Saturday, September 3, 2011

Stages of Deployment

I should have guessed earlier, but there’s apparently seven emotional stages a spouse goes through with a deployment. Yeah. They’ve done studies.

Stage One: Anticipation of Departure

Stage Two: Detachment and Withdrawal

Stage Three: Emotional Disorganization

Stage Four: Recovery and Stabilization

Stage Five: Anticipation of Return

Stage Six: Return Adjustment and Renegotiation

Stage Seven: Reintegration and Stabilization

Interesting, huh? And while the psychiatrists may disagree, I haven’t found my deployment emotions to follow the “typical” stages… Mine went a little more like this:

Stage One: What’s an MC-12?

Stage Two: A couple all-nighters finishing the upstairs bathroom before Rob and I left for Atlanta and his training, arriving on Christmas Day. Not much time for detachment or withdrawal, just lots and lots of tile cutting.

Stage Three: Recovery and Stabilization. I know it’s supposed to be stage four in the pattern, but I was pretty fine with the whole thing.

Stage Four: Emotional Disorganization. I’m not entirely sure what this stage is meant to encompass, but I found that as the squadron we’re still technically a part of began to deploy, my emotions about the whole thing came a lot closer to the surface. I described it to Rob like this:

Me: You know how I am capable of compartmentalization? Rob: Yes. Me: Well, I’m discovering the walls of my compartments can be a little thin – you know, maybe like Japanese rice paper walls? Rob: OH YEA! Me: Oh. You didn’t have to agree SO heartily… cute.

And then, I guess I did Stage Four again with Recovery and Stabilization. I LOVE all my new friends who are newly singled and very often ready to hang out, go out, or just visit!

Then, I discovered I missed testosterone a little. And guys are WAY funnier than girls. No offense. It’s just girls are not that hilarious. I miss laughing from the gut.

Now, I’m on to Stage Five: Anticipation of Return. I can totally see the light at the end of the tunnel. Not that it’s been a dark or horrific time, I’m just excited like a birthday, or a wedding, or a big graduation trip. It’s got magnitude. But, I’ve noticed I’m a little more unstable than I’ve been in any of the previous stages. I don’t say this to gain pity or to say in some sort of subtle way, “Help me.” It’s not that. It’s simply observing, almost in a scientific way – hmm, that’s interesting, I didn’t expect that.

Some of my more random unstable moments come while driving. Perhaps I’m simply not used to driving this much without Rob. I miss him in the seat next to me. I love it when he drives and I get to ride.
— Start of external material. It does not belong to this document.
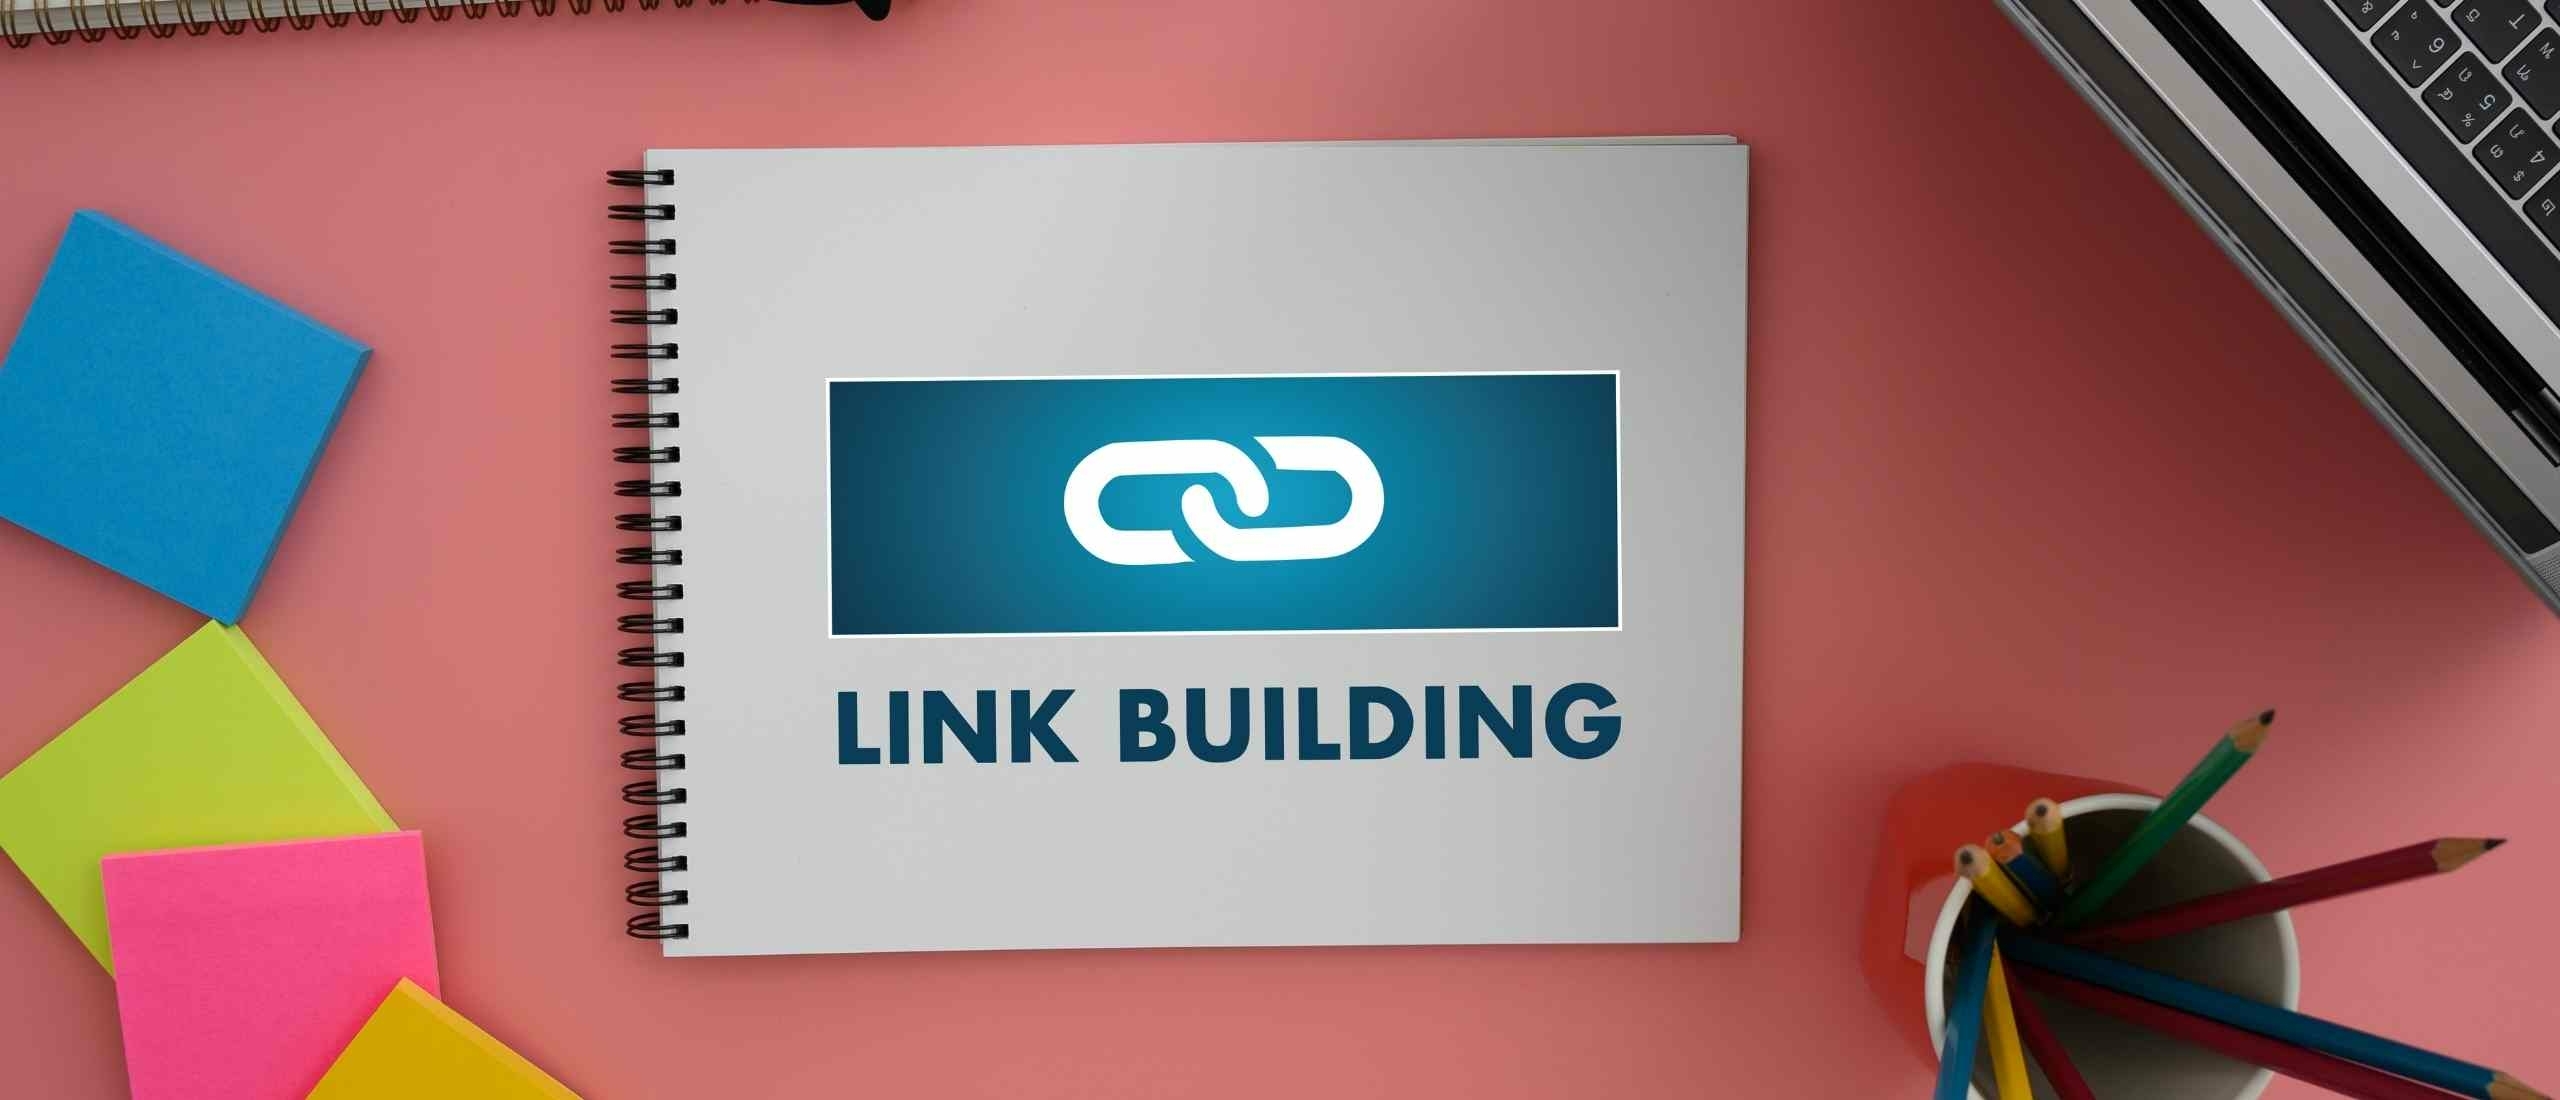 linkbuilding-8-veilige-manieren-om-betere-links-naar-je-site-te-krijgen

I haven’t been in the passenger seat of my car for 9 months.

Another moment when my paper-thin compartment walls were compromised was when my very good friend had a baby and I teared up as she was describing how hard it was for her husband to watch the labor because he felt so helpless. I guess I empathize. Is that it?

I can nail this one down a lot easier: You know the pie that I love. The pie that merited its own ode and entry in the blog. The pie that gives me comfort each week throughout this deployment. Well, I’ve been without pie now for over two weeks. She wasn’t there last week and I missed her this week. I learned this because I called the store in Pierre and she said there was a rush this morning and they ran out early. I’ve been tearing up all day when I think about how I don’t have pie.

I think this one’s a little more obvious – pie = comfort. duh. Then, the very sweet yet sometimes a little “I told you so” Holy Spirit reminded me that my comfort should lie in God. Me, ever a little bit petulant, said I still would like some pie, but thanks for the reminder. If I have to live without pie for two weeks to be reminded that the Holy Spirit is my comforter, that’s okay. … But I have ordered three pies for next week.

Anyway, I’m looking forward to the next two stages of deployment emotions – the ones that occur when he comes back!! YAY!!!! Really, there’s not enough explanation points to convey the excitement (and apparently a little bit of instability… ) that comes with this stage.

1 comments:

marigirl said...

I think returning from deployment starts off AMAZING, then degrades to unexpected frustration, then exceeds the initial awesomeness as you realize HE'S REALLY BACK!! Although annoyingly our squadron sometimes redeploys them around the three week point, right as things are showing signs of normalizing, but whatever. My friend called me after her first homecoming and after we chatted a bit she said hesitantly, "He's only been home three weeks...is it normal that he's driving me nuts already?" I was like, "fret not, that's as bad as it gets." and a week later everything was headed toward normal. yaaaaaaaaaay, I have never in my life been so appreciative of NORMAL!!! We've been back together for 2.5 months now and just brushing our teeth at the same time occasionally gets me thinking, "Hey! Chris is STILL HERE! Yay!" How novel!

SO happy your separation is coming to an end!!!!!!!